Work required:
From the entries below, reproduce exactly the line containing "Barbie® Cut, Colour", the line containing "TRENDnet SFP to", and every line in between, with nothing added.

Extracted data:
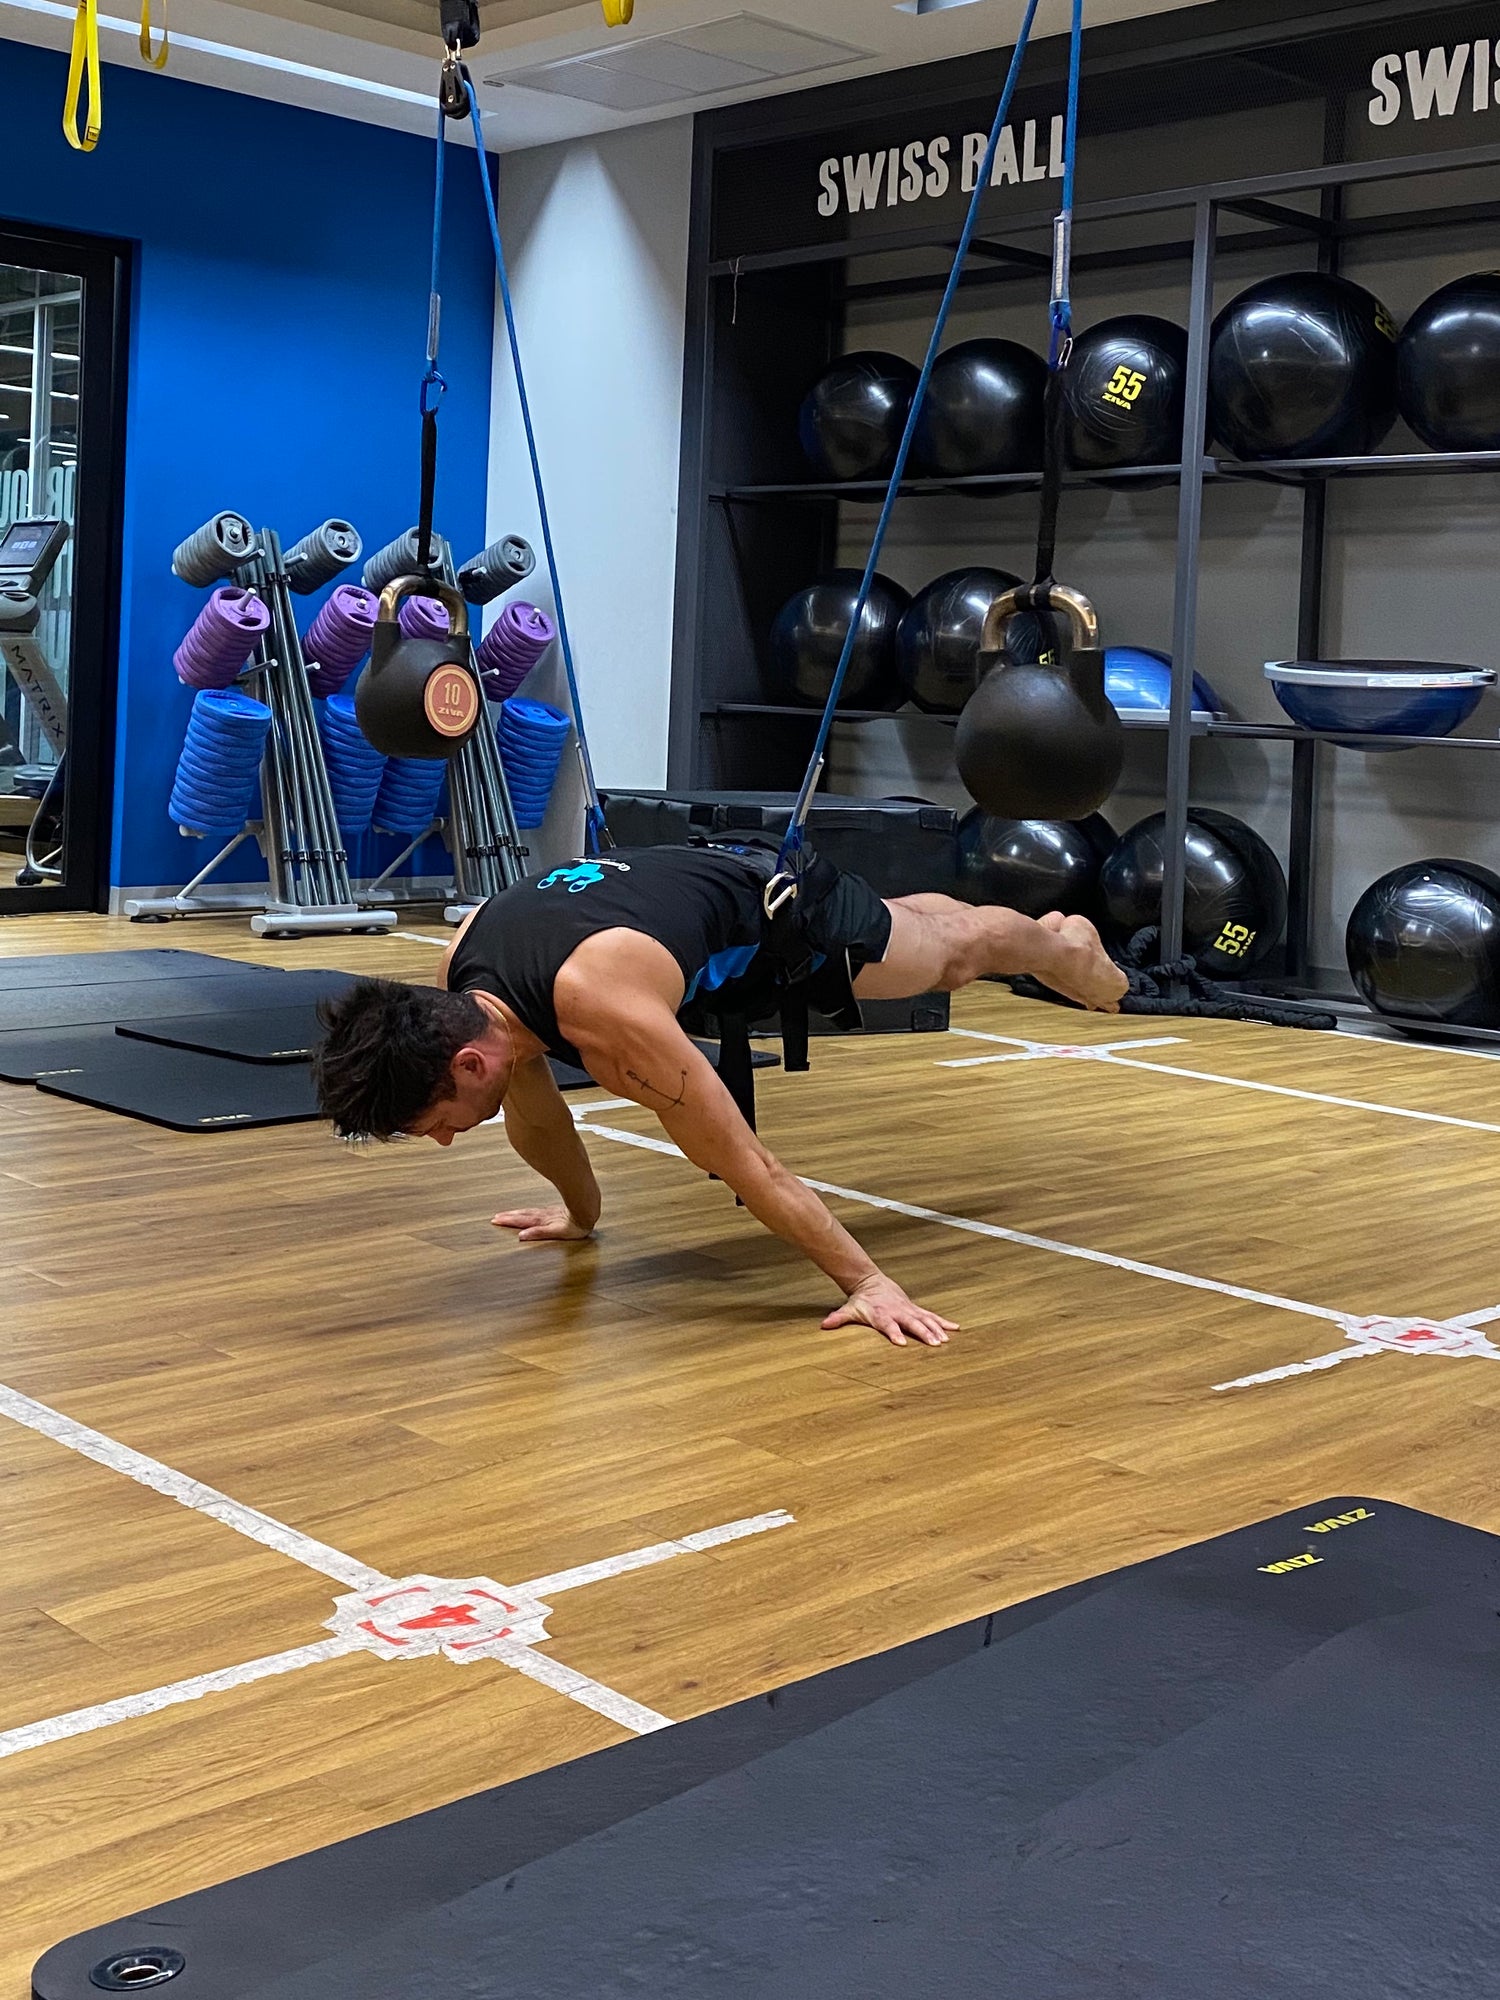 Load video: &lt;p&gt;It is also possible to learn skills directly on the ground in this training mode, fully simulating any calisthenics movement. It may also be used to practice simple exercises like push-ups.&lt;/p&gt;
* * *
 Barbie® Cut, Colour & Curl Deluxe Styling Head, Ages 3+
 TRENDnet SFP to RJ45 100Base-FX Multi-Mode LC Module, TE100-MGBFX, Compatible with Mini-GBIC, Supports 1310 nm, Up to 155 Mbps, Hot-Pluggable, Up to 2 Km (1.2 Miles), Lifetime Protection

Completed task:
 Barbie® Cut, Colour & Curl Deluxe Styling Head, Ages 3+
 TRENDnet SFP to RJ45 100Base-FX Multi-Mode LC Module, TE100-MGBFX, Compatible with Mini-GBIC, Supports 1310 nm, Up to 155 Mbps, Hot-Pluggable, Up to 2 Km (1.2 Miles), Lifetime Protection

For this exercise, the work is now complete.